I expect coking coal and steel prices to crash next.
In news, the charge of the iron ore losers is turning into a stampede. Courtesy of an always willing AFR:
“I wouldn’t get caught up in the huge fluctuations,” Fidelity portfolio manager Paul Taylor says. “The long-term assumptions are more important and we’ve got the biggest low-cost producers in the world.
…Both BHP and Rio also offer good exposure to several base metals still soaring amid the push towards electrification.
In fact, SG Hiscock’s Australian equities fund has ditched its position in Rio and switched to BHP because of its exposure to commodities such as copper, potash and nickel.
…Macquarie is bullish on all local iron ore producers it covers, with “outperform” ratings on BHP, Rio, Fortescue, Mineral Resources, Champion Iron, Deterra Royalties and Mount Gibson Iron…“If Chinese housing new starts rebound in 2022 and the power shortages ease in China, the demand uptick could drive a rebound in iron ore prices, particularly given ongoing global supply hurdles.”
In a note to clients on Wednesday, Citi upgraded its rating on Champion Iron to “buy” from “neutral”, saying the pressure from the iron ore price fall had created a strong value opportunity.
“China lead indicators are stabilising and have turned up off recent lows,” McTaggart says. “The fact steel prices have stayed high points to apparent consumption being driven more by state-imposed production cuts than weakness in underlying demand.”
Well, whatever leading indicator they are looking at, I suggest they get some new ones. Just read this.
There is no global difficulty in lifting iron ore supply. Cripes. Vale is coming back and the Pilbara will keep grinding higher. There’s a glut problem.
As for cost curves, that Pilbara producers are cheap means the price has to fall a lot further amid the glut. Only shaking out supply will stabilise prices. That won’t happen in any volume above is $60.
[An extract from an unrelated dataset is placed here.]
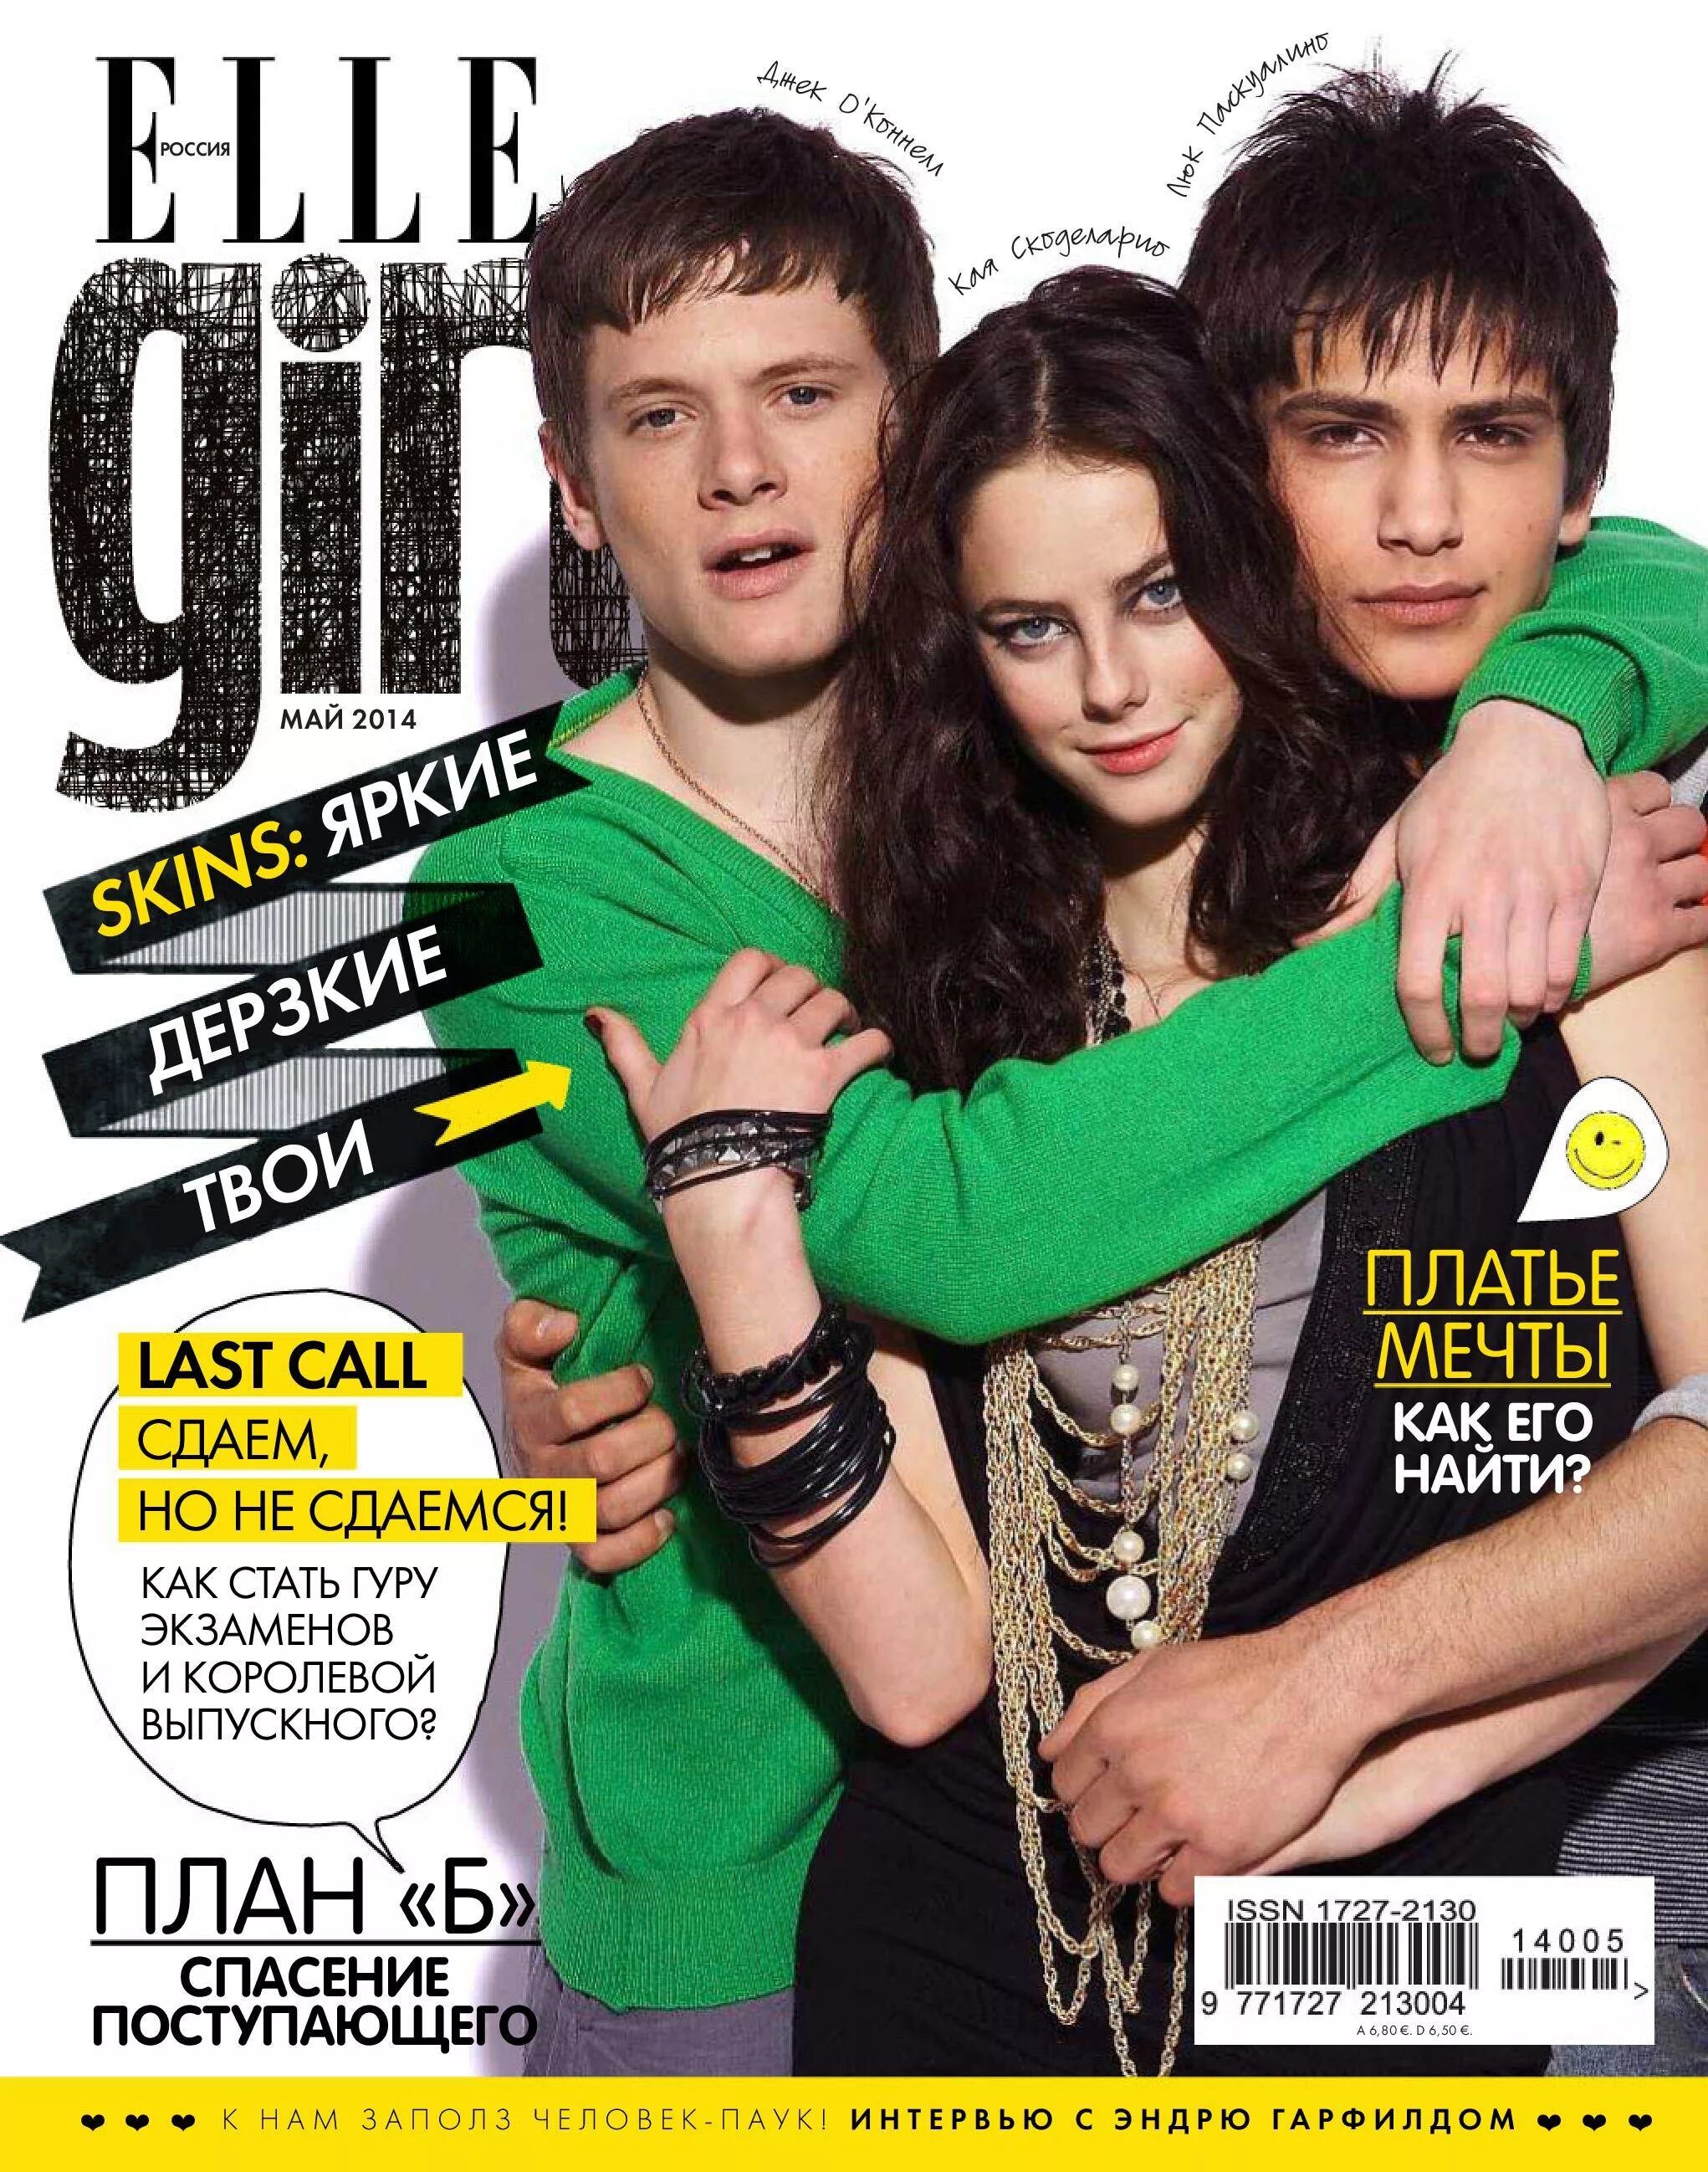 Журнал е 3 с. Журнал elle girl. The girl журнал. Девушка с журналом. Обложки журналов для подростков.
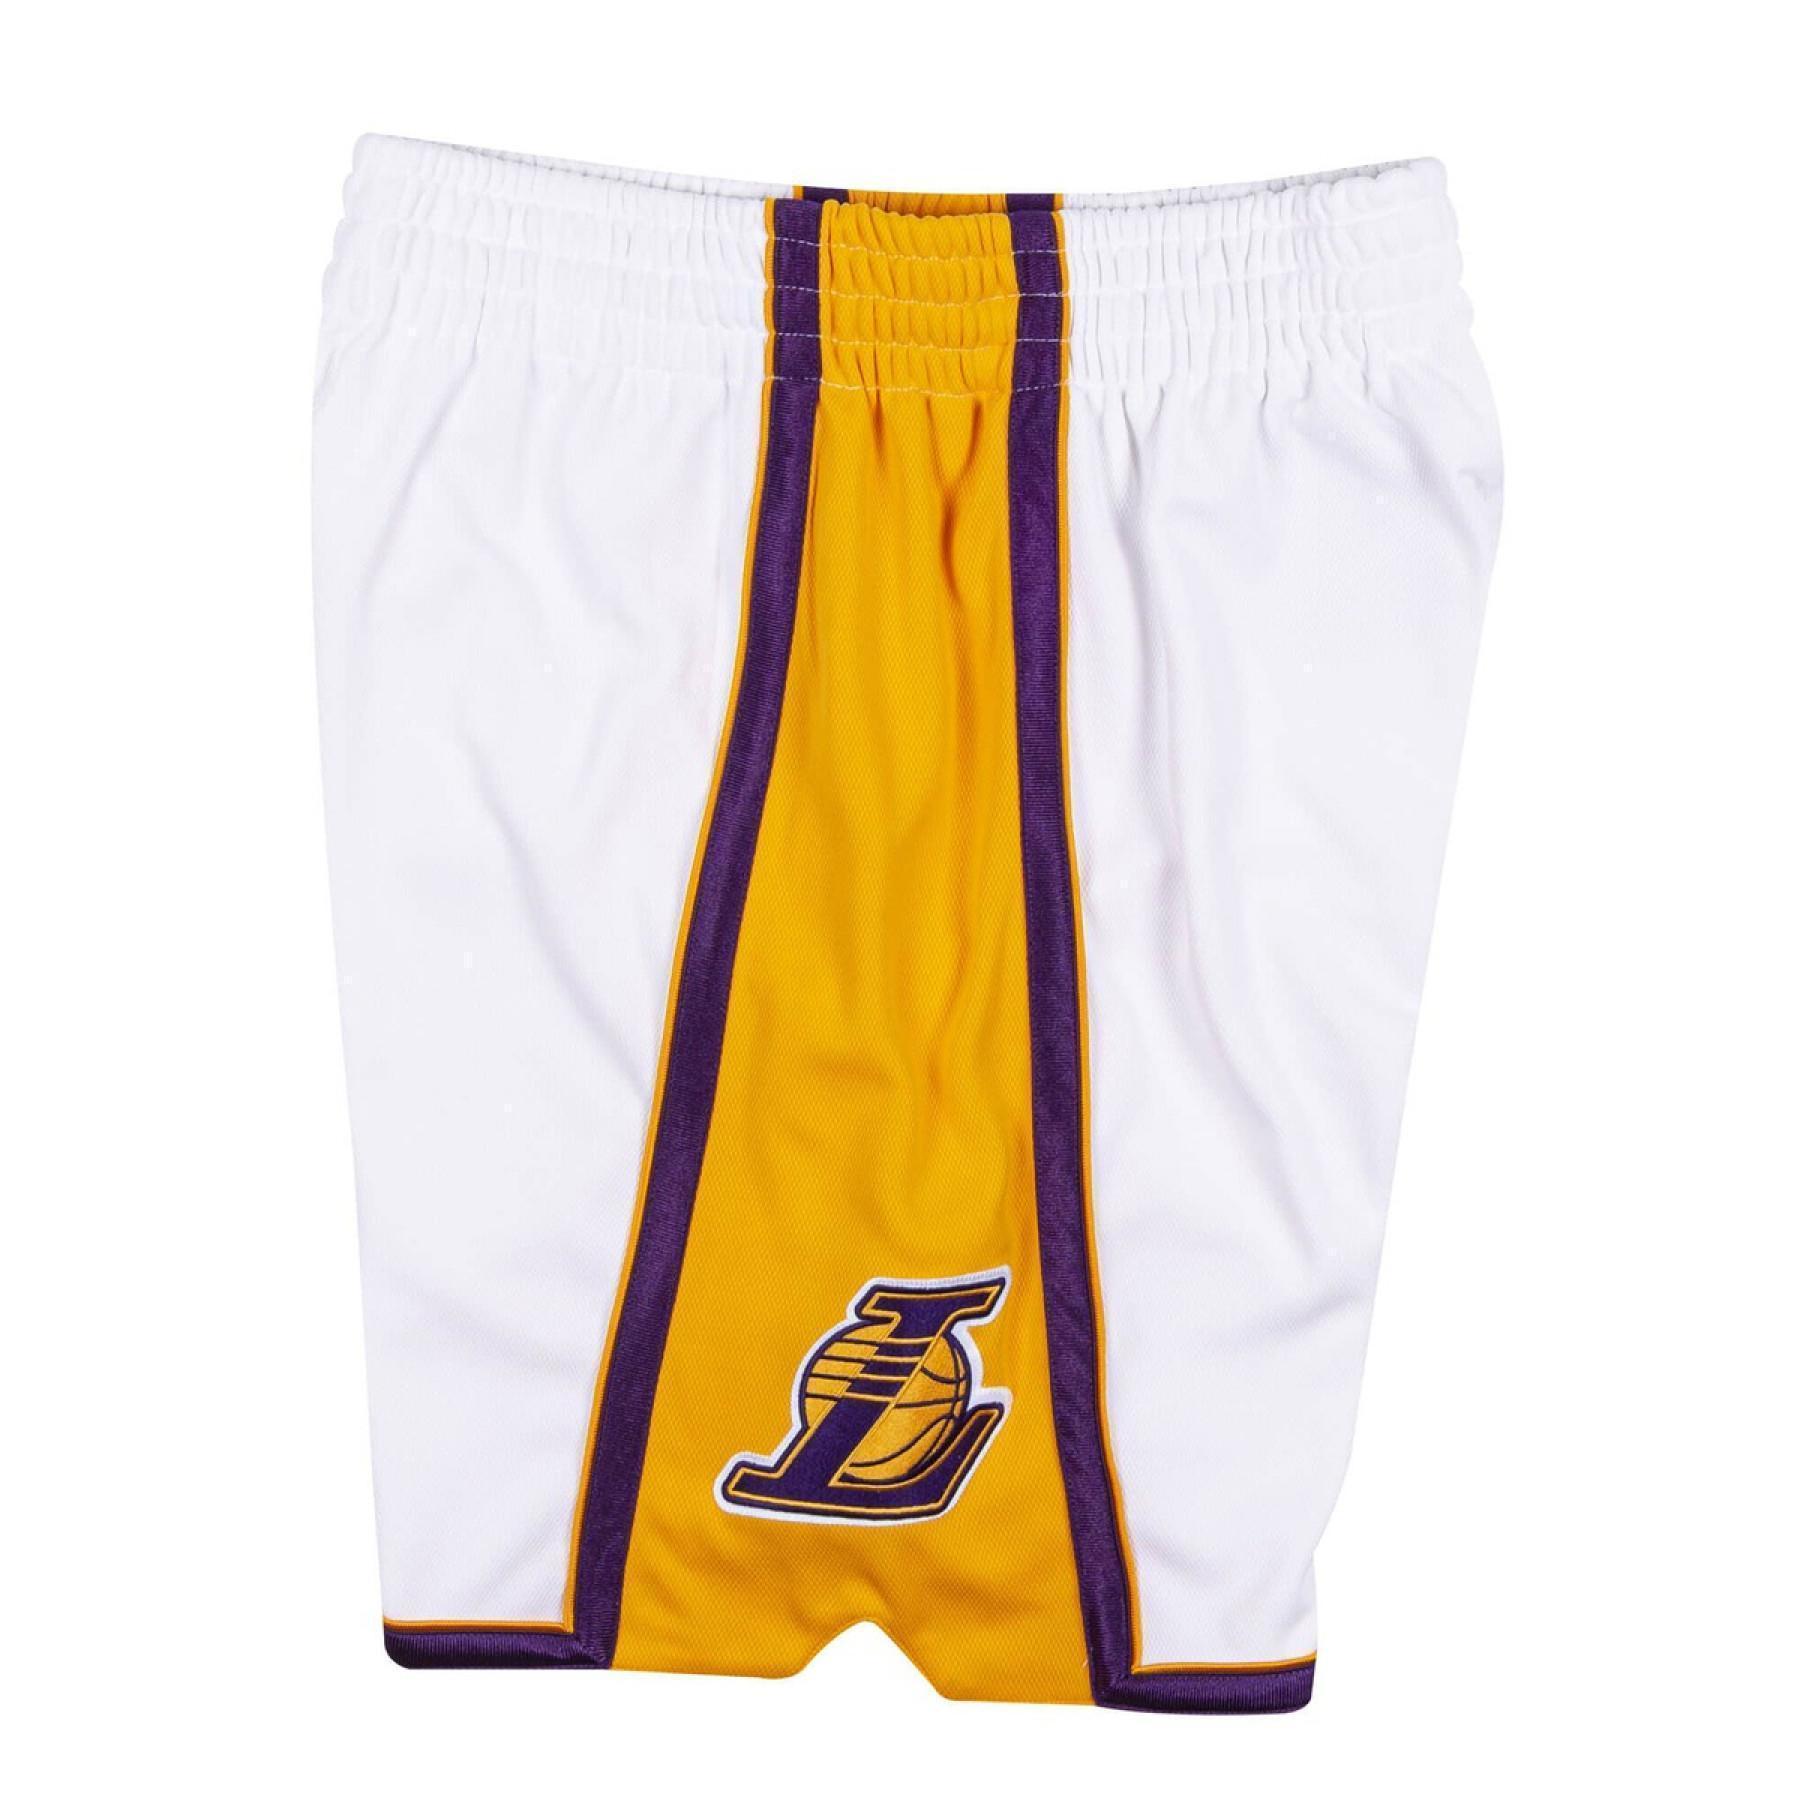 Authentieke shorts Los Angeles Lakers alternate 2009/10

It will change if China stimulates. But, at this stage, there is little indication that it will be enough as the structural campaign to break property developers unfolds.
On other metals, who cares. They’re not big enough to matter to earnings, are also at bubble highs, and are still heavily exposed to Chinese property. Copper upside from electrification is small.
Finally, miners are still far too cheap on NTM P/Es to buy. Yes, too cheap:
Commodity down cycles bottom out when miners are expensive as the market starts to extrapolate unsustainably low prices.
We are at the polar opposite right now.